На улице Дыбенко - Маиловская Кристина. Страница 35

Сережа постучал деревянной колотушкой в калитку. Во дворе залаяла собака. Рэмбо терпеливо сидел у ног.

—  Отворяй, свои! — крикнул Сережа.

Сквозь щели в заборе Кира увидела, что из дома вышла женщина и пошла к калитке. Она отперла калитку и всплеснула руками.

—  Вот оглашенный! Почему не предупредил?

—  Нежданчиком решил.

—  Он решил, значить. А у меня ни пирогов, ничего нет. А он с гостями, — женщина кивнула в сторону Киры.

—  Угомонись. У нас своего добра полный багажник. Вон лучше человеку помоги. Укачало ее.

Женщина взяла бледную Киру за руку и повела за собой, тяжело переваливаясь с одной ноги на другую, как утка.

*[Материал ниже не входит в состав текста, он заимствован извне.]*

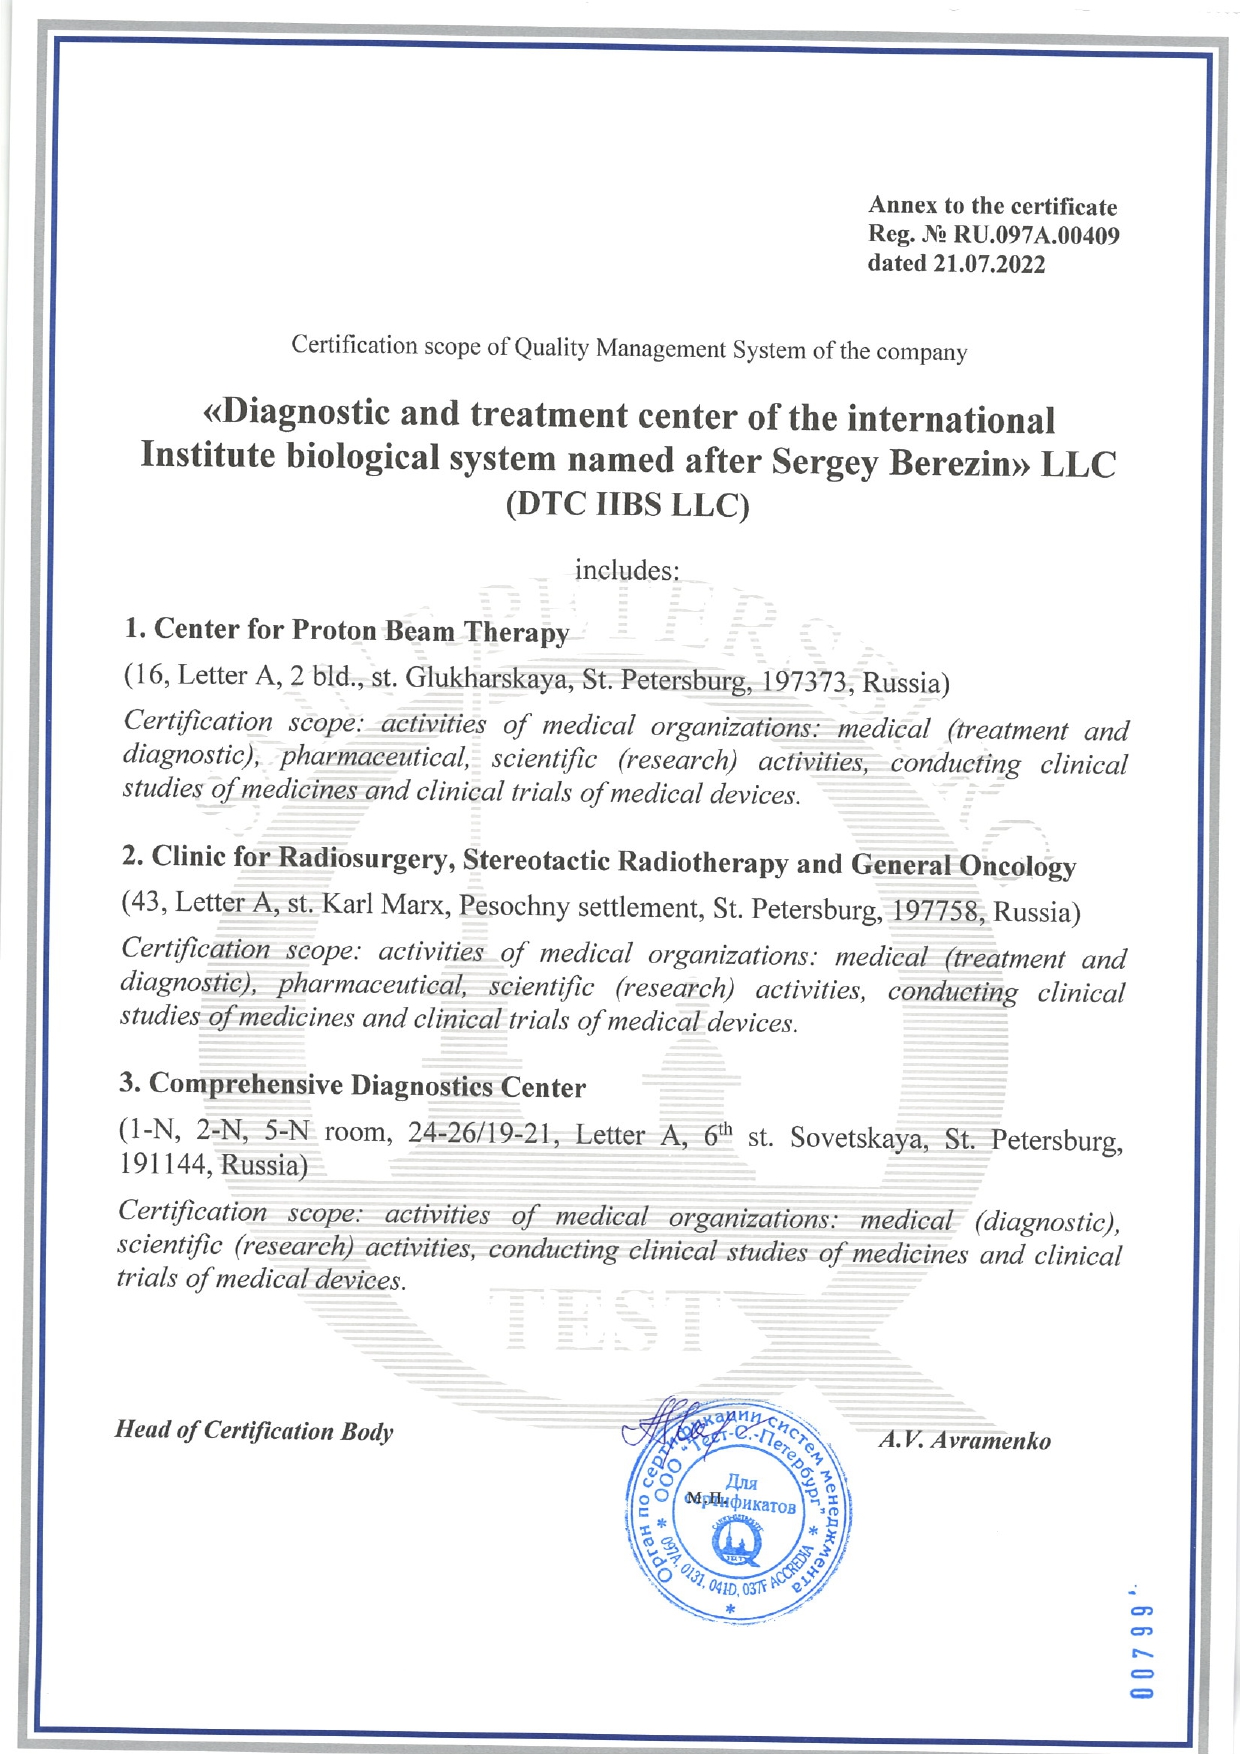 ISO 9001 certificates of LDC MIBS
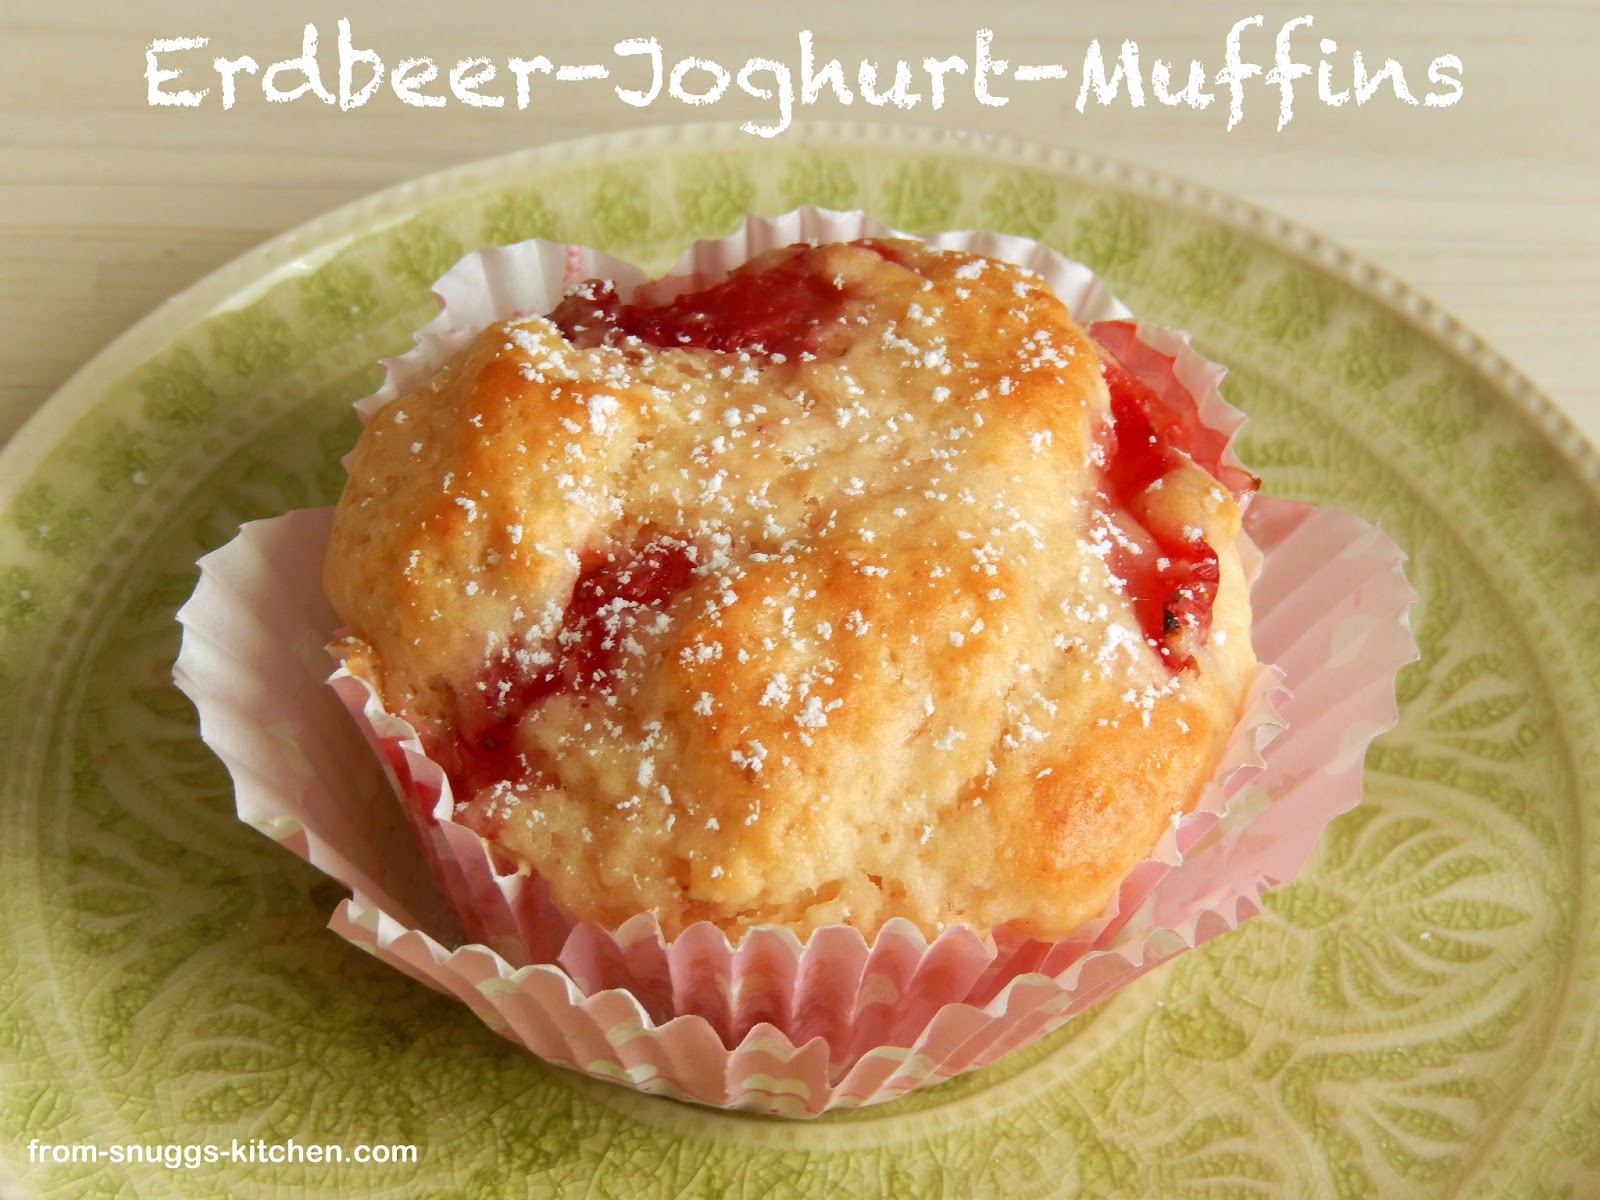 Erdbeer-Joghurt-Muffins - From-Snuggs-Kitchen

—  Пойдем, дите, со мной. Я как похляжу, уморил он тебя. Етот охлашенный по дорогам так скачить, так скачить, что мне сердцем кажный раз плохо деица. Доскачица однажды! Ой, доскачица!

Женщина погрозила кулаком в пустоту.

—  Не галди! — крикнул вслед матери Сережа и пошел к машине.

Рэмбо, поскуливая, перебирал лапами. Ему тоже хотелось пойти за Кирой, но он ждал отмашки хозяина. * * *

—  Зоя Викторовна я. Не знаю уж, как тебе сподручнее, хошь, тетей Зоей зови. Тебя-то как звать?

—  Кира.

—  Не слыхала такого имени. Русское имя-то? Православное?

—  Не знаю.

—  Тах ты ж некрещеная, что ли?

—  Нет.

Зоя Викторовна покачала головой и полезла в холодильник.

—  Припекаить на дворе. Ирьяну хошь?

—  А что это?

—  А ты попробуй.

Зоя Викторовна налила белый напиток в стакан.

Кира выпила.

—  Нравится?

—  Знаете, — сказала Кира, — я в Азербайджане жила, там пили похожий напиток. Айран назывался. Мне Сережа рассказал, что вы из казаков, а казаки они много у турок заимствовали. То есть напиток этот турецкий, скорее всего, а казаки переняли рецепт.

Зоя Викторовна так и не поняла, понравился ли напиток Кире.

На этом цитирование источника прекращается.